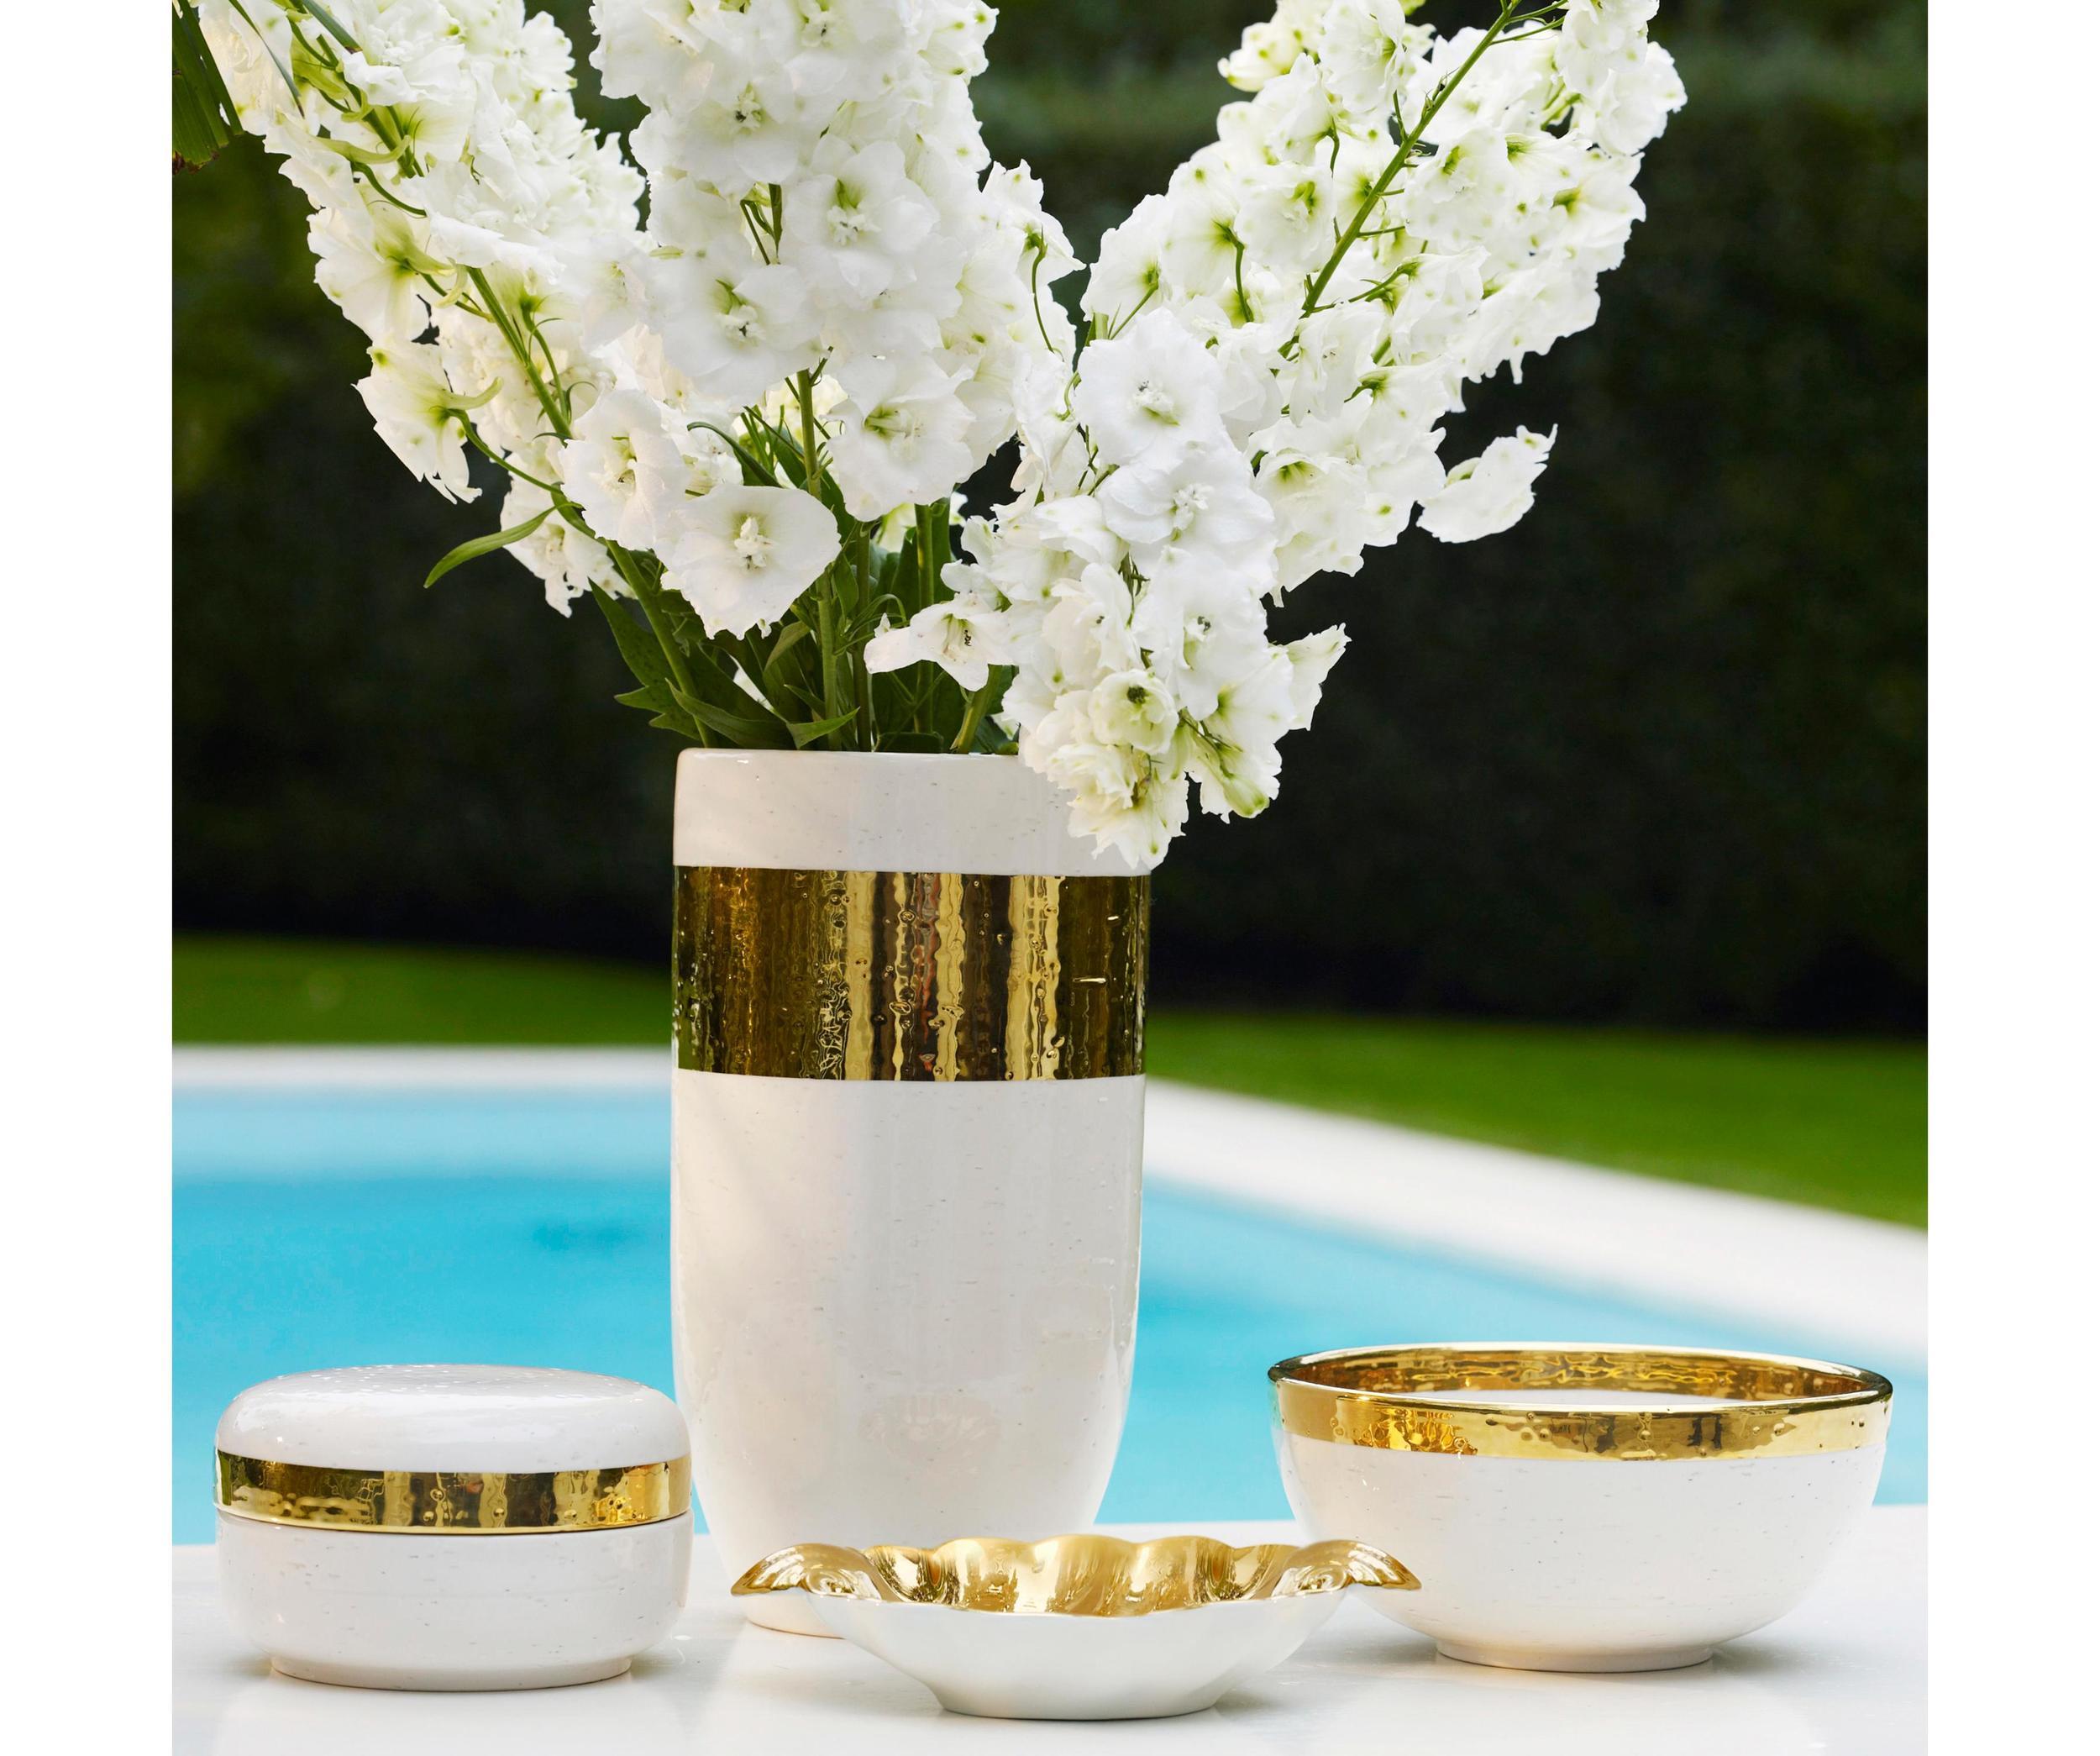 Golden Rule - Decorative objets by Aerin | MSH Agency.jpeg
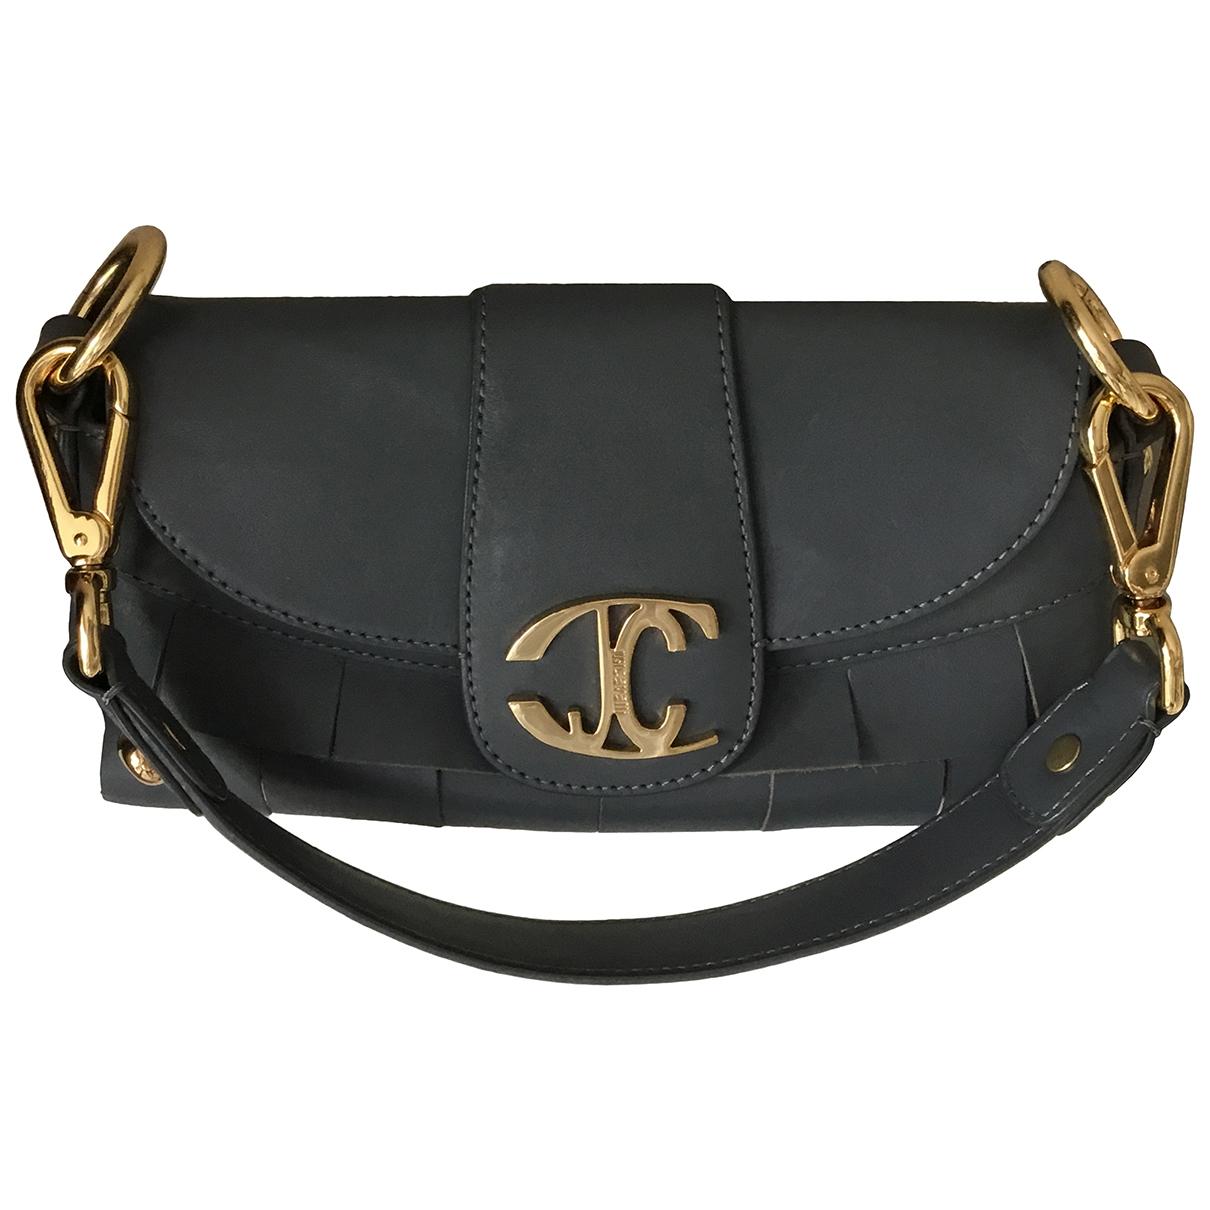 Just Cavalli \N Grey Leather Clutch bag for Women \N
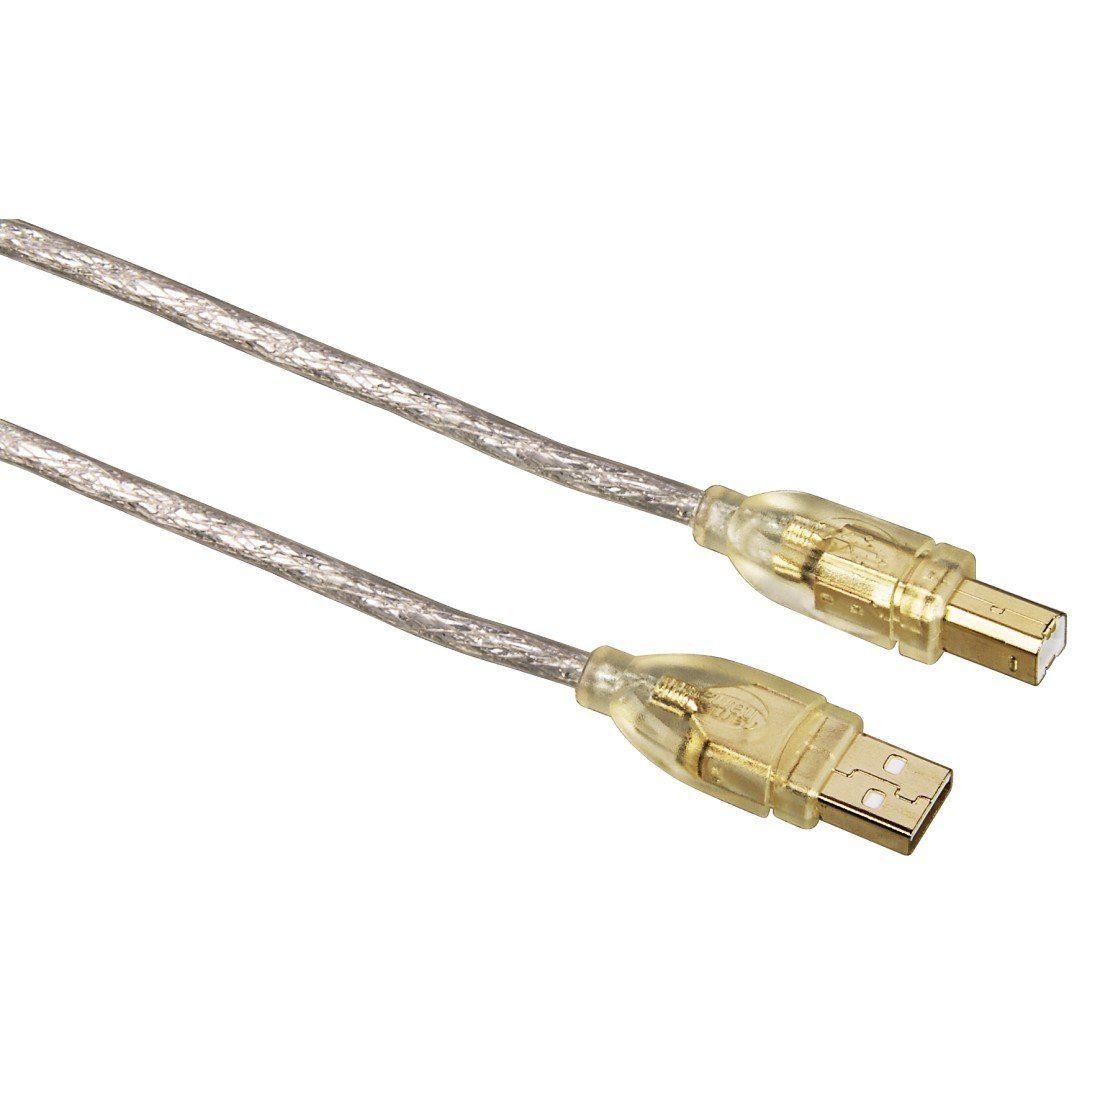 Hama USB-2.0-Kabel, vergoldet, doppelt geschirmt, Transparent, 1,80
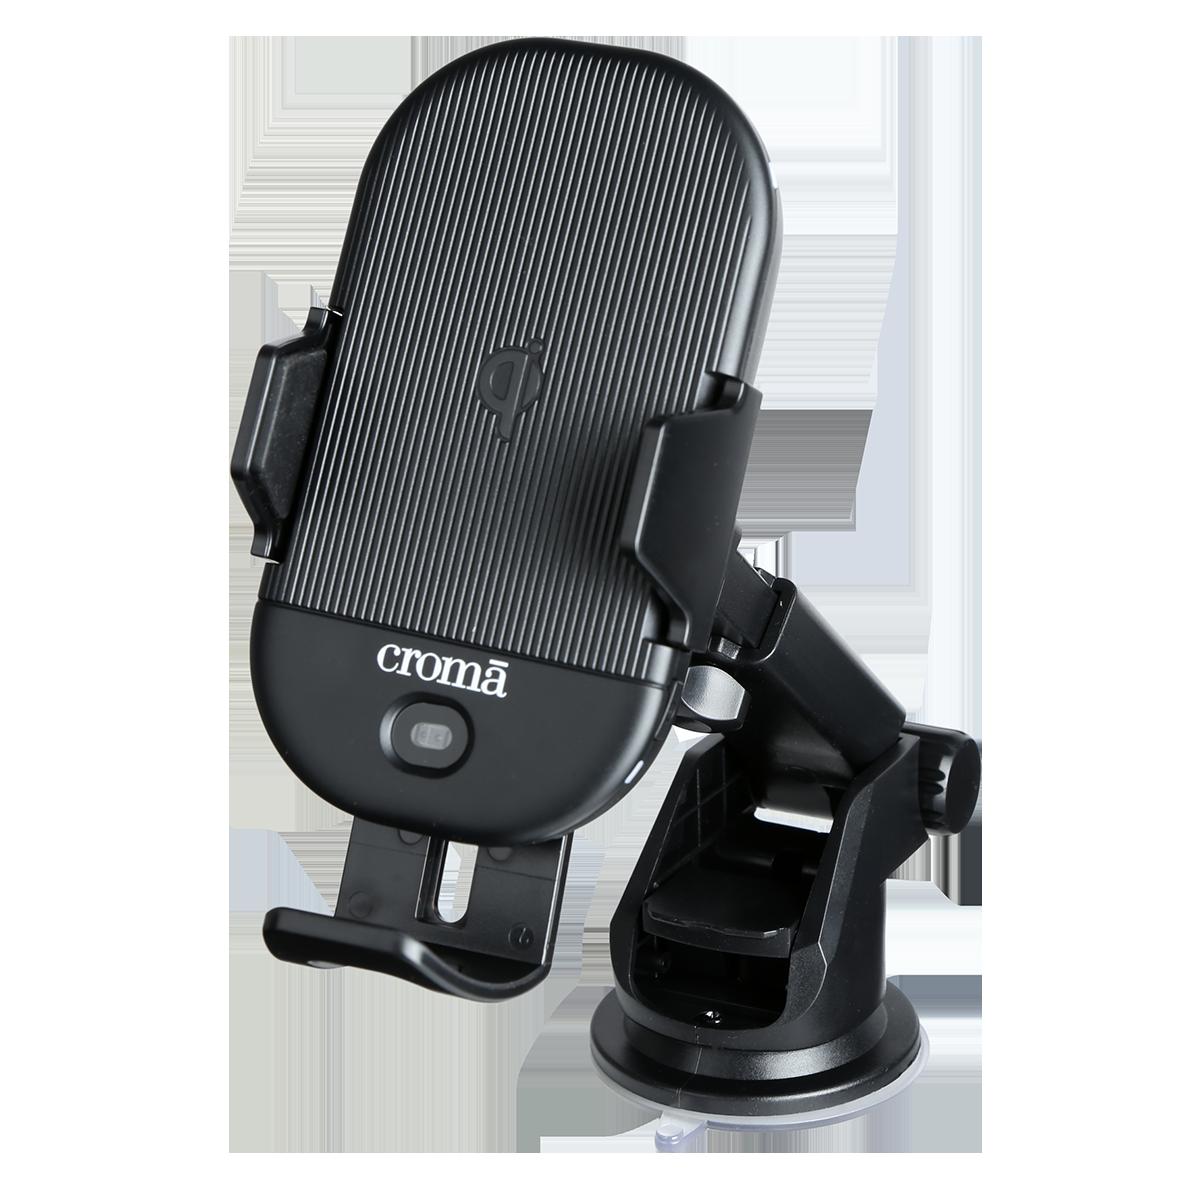 Croma 15 Watts Car Charging Adapter (Air Vent Clamp, CRCA2306, Black)
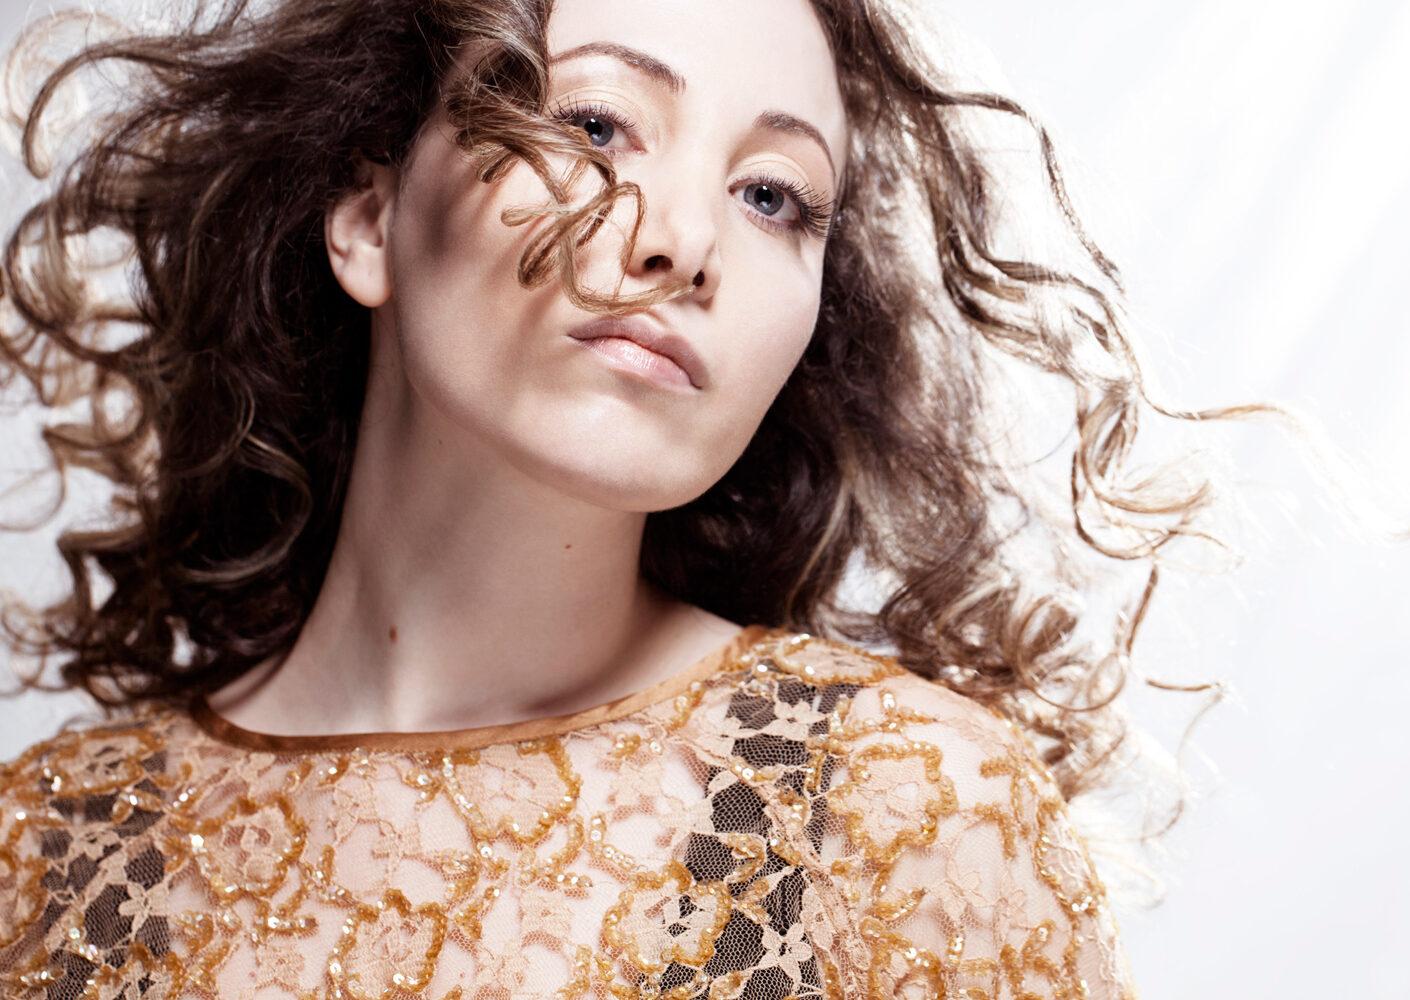 Photo: image by London fashion photographer, studio portrait of musician singer Eleni by British Fashion Photographer Margaret Yescombe
§ §
**Work item**
When copying the data above, repeat every word exactly and drop the pictures.

**Answer space**
 Golden Rule - Decorative objets by Aerin | MSH Agency.jpeg
 Just Cavalli \N Grey Leather Clutch bag for Women \N
 Hama USB-2.0-Kabel, vergoldet, doppelt geschirmt, Transparent, 1,80
 Croma 15 Watts Car Charging Adapter (Air Vent Clamp, CRCA2306, Black)
 Photo: image by London fashion photographer, studio portrait of musician singer Eleni by British Fashion Photographer Margaret Yescombe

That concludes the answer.